- Born: Guadalupe Valencia Nieto June 4, 1938 (age 88) Mexico City, Mexico
- Education: Conservatorio Nacional de Música; École Normale de Musique de Paris;
- Occupations: Writer, pianist, cultural manager
- Notable work: Minotauromaquia
- Awards: Xavier Villaurrutia Award (1976)

= Tita Valencia =

Mexican novelist, poet, screenwriter, pianist and cultural manager

Guadalupe Valencia Nieto (born June 4, 1938), better known as Tita Valencia, is a Mexican novelist, poet, screenwriter, pianist, and cultural manager. She won the 1976 Xavier Villaurrutia Award for her novel Minotauromaquia.

==Biography==
Tita Valencia studied piano at the Conservatorio Nacional de Música. After graduating, she earned a postgraduate degree at the École Normale de Musique de Paris, and offered concerts in prominent venues, such as the Palacio de Bellas Artes in Mexico City. She also attended literary workshops taught by Juan José Arreola and Juan Rulfo.

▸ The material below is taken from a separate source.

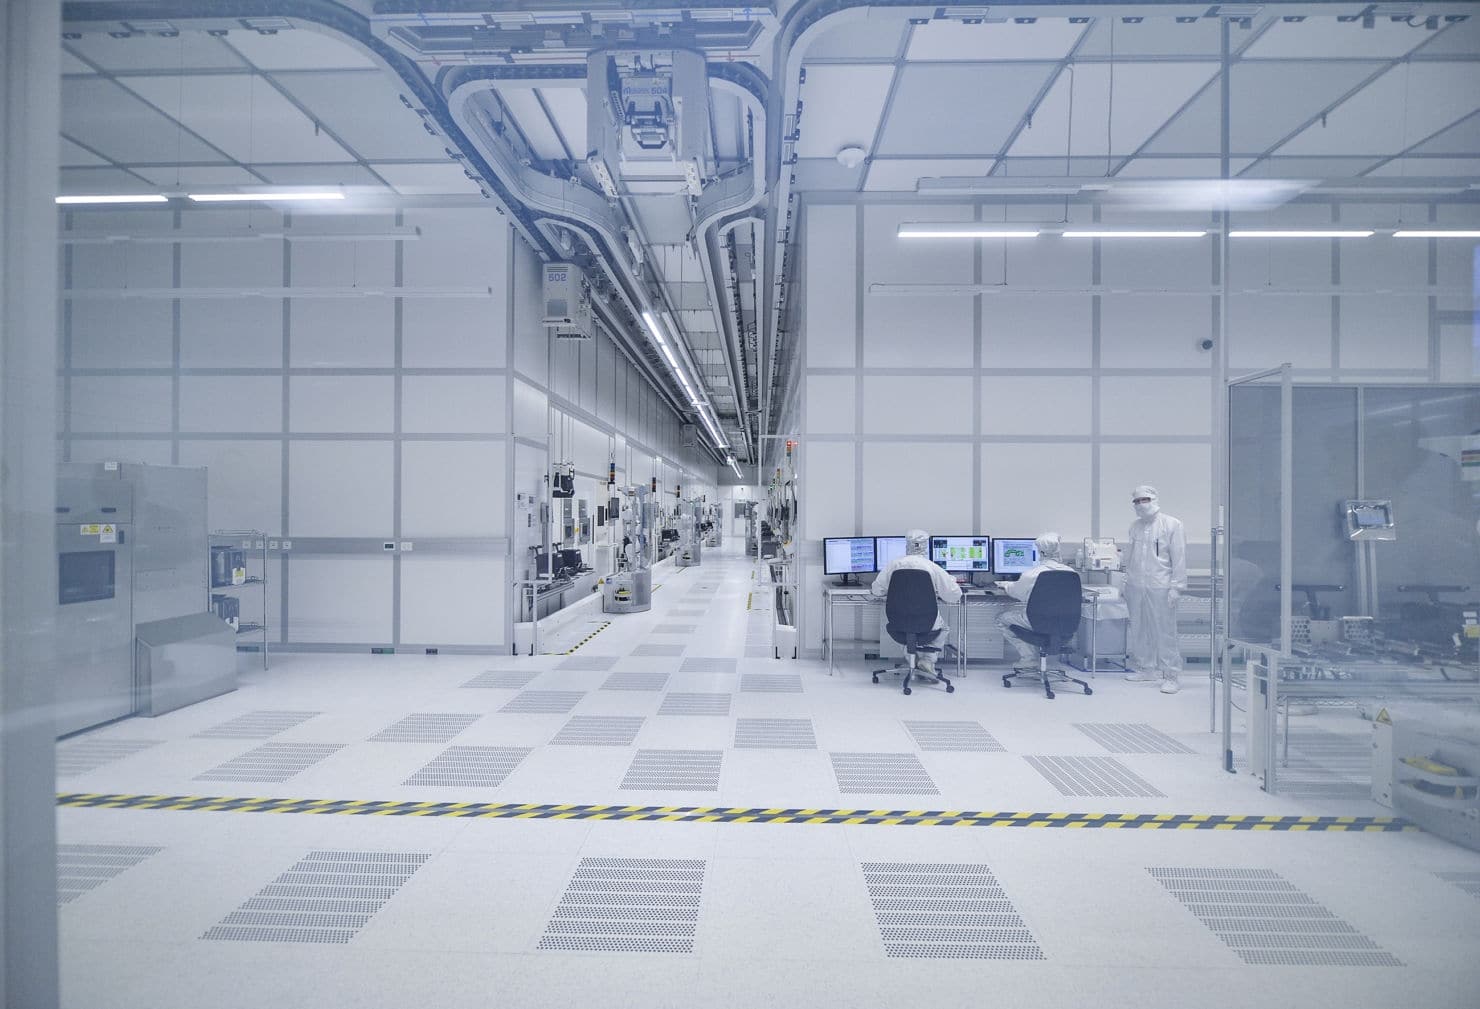 Ausbaupläne von Infineon mit der Rekordinvestition von 1,6 Milliarden 
am Standort Villach
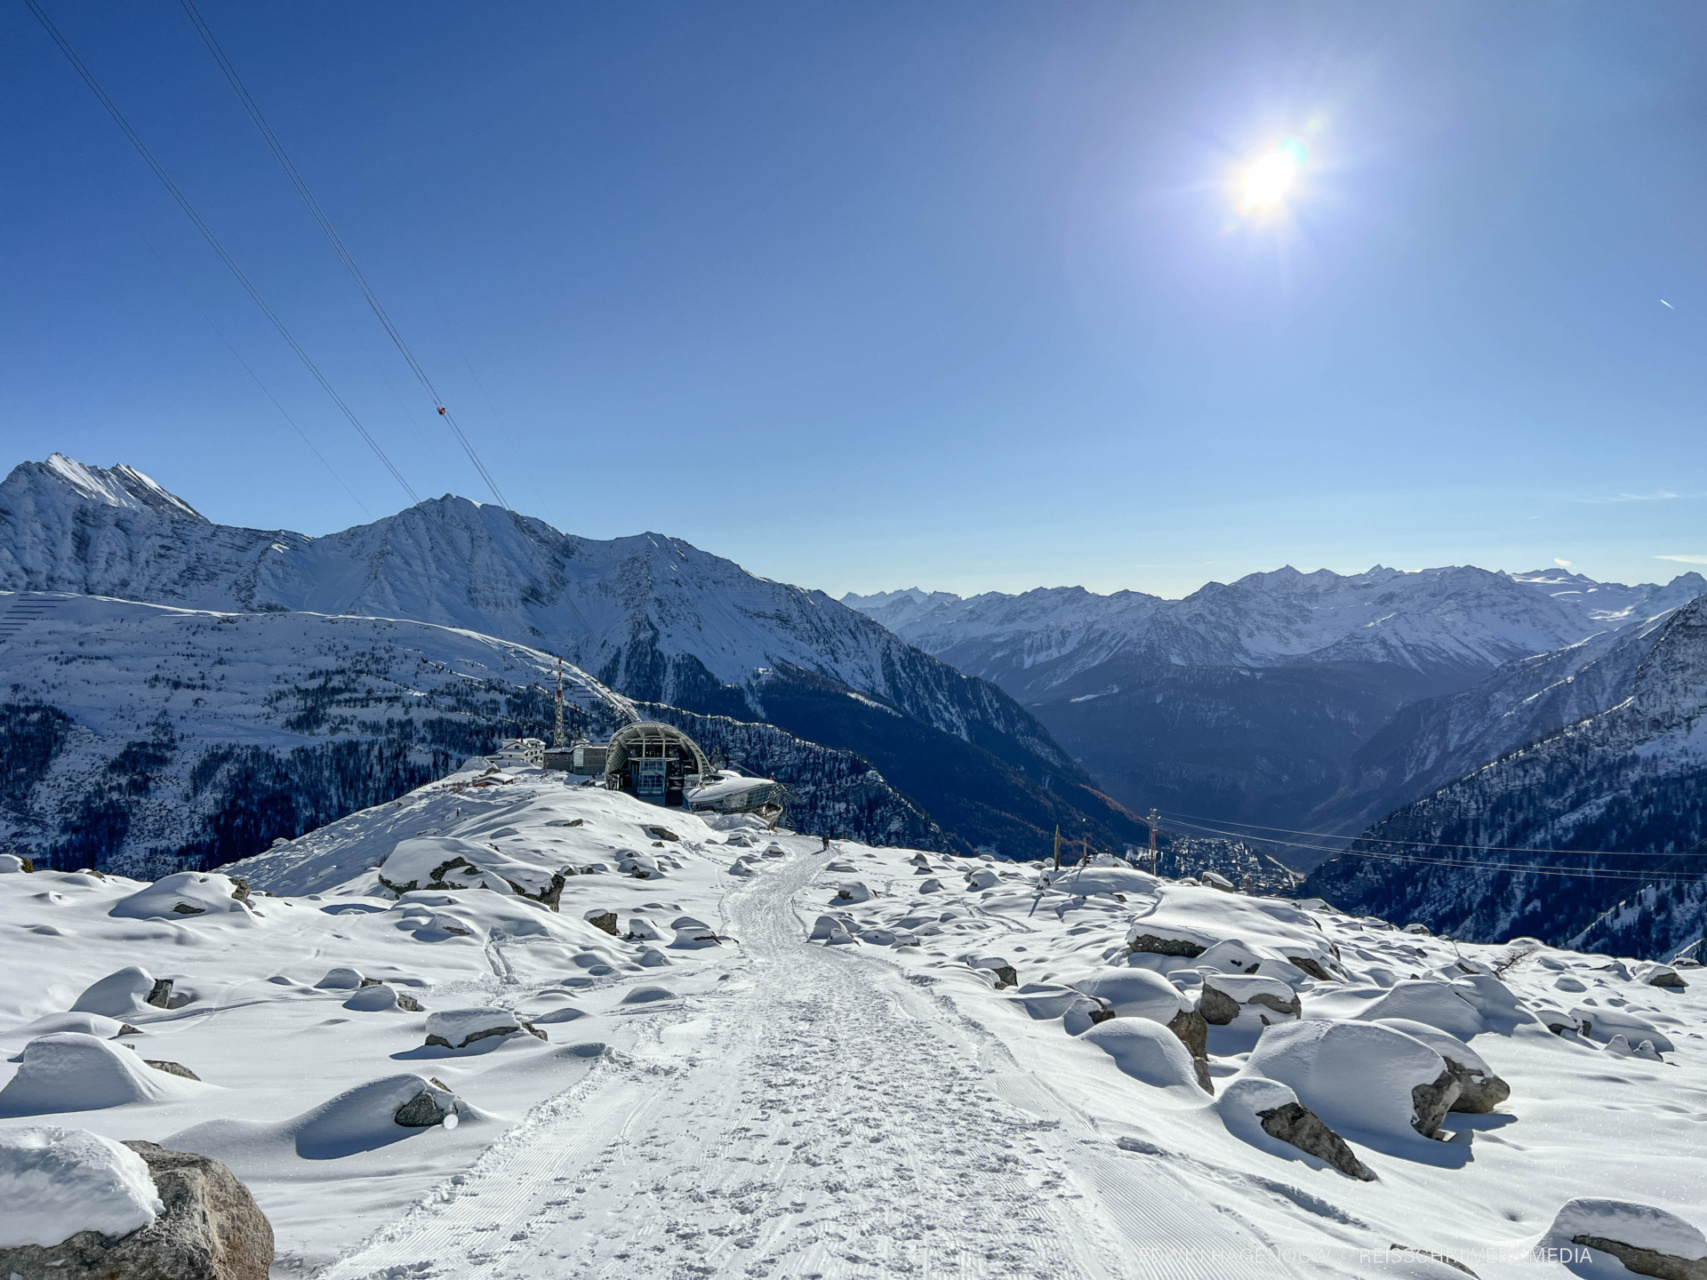 Alpen-indeling en staugebieden | Wanneer valt er sneeuw in mijn skigebied?

In addition to working in radio and television as a screenwriter and music critic, she has held various positions related to cultural management – as a literary coordinator for the National Workers' Culture Council, coordinator of the National Autonomous University of Mexico's cultural extension program in San Antonio, deputy director of the Museo de Arte Moderno, and coordinator of cultural events such as Operalia 94 and the International Plácido Domingo Opera Contest.

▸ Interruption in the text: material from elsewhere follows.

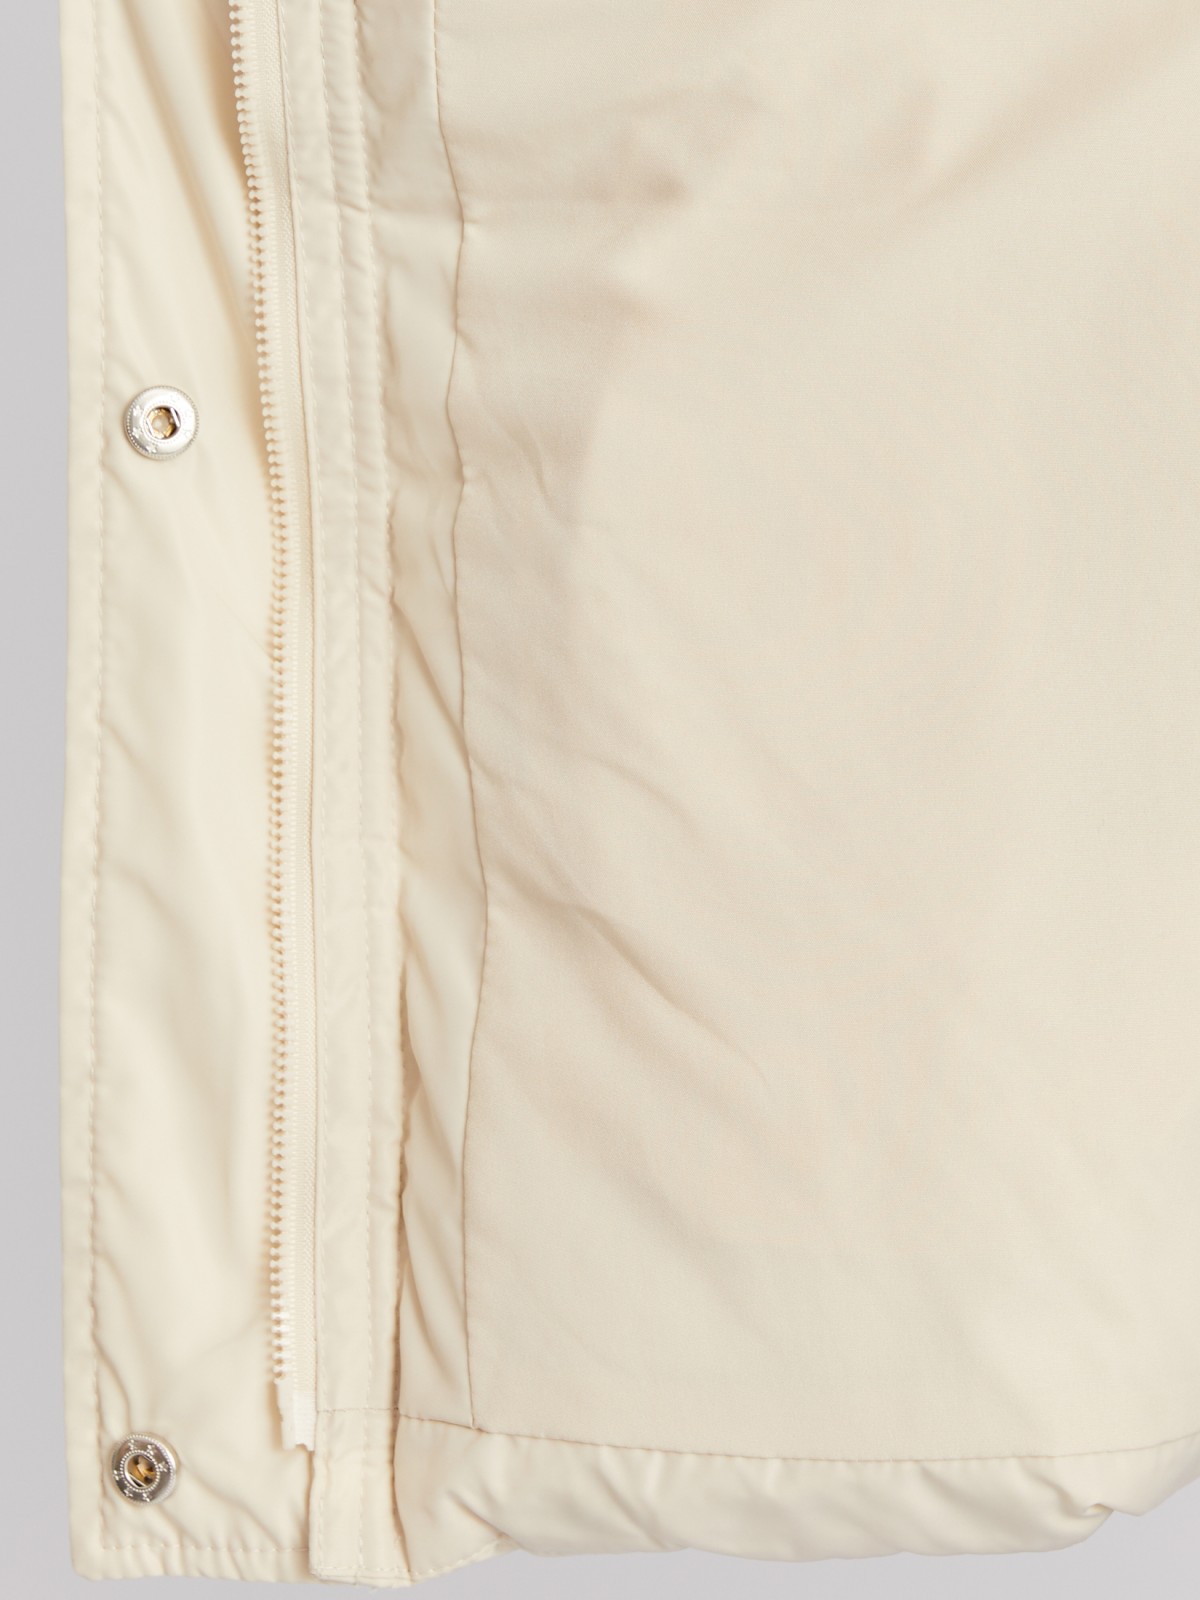 Тёплая стёганая куртка с капюшоном и внутренними манжетами-риб zolla 023345102064, цвет молоко, размер XS - фото 5

Valencia has written for various national and international print media, such as Cuadernos del Unicornio, Excélsior, La Música en México, México en la Cultura, Plural, Revista de la Universidad Iberoamericana, Revista de Literatura Mexicana Contemporánea, Revista Universidad de México, and American Review.

Her 2007 novel Urgente decir te amo (1932–1942) is an introspective attempt to recreate the story of her parents' relationship, interwoven with other stories in the era after the Mexican Revolution, drawing on letters from her father, Mario Carlos Valencia, who died when she was five years old.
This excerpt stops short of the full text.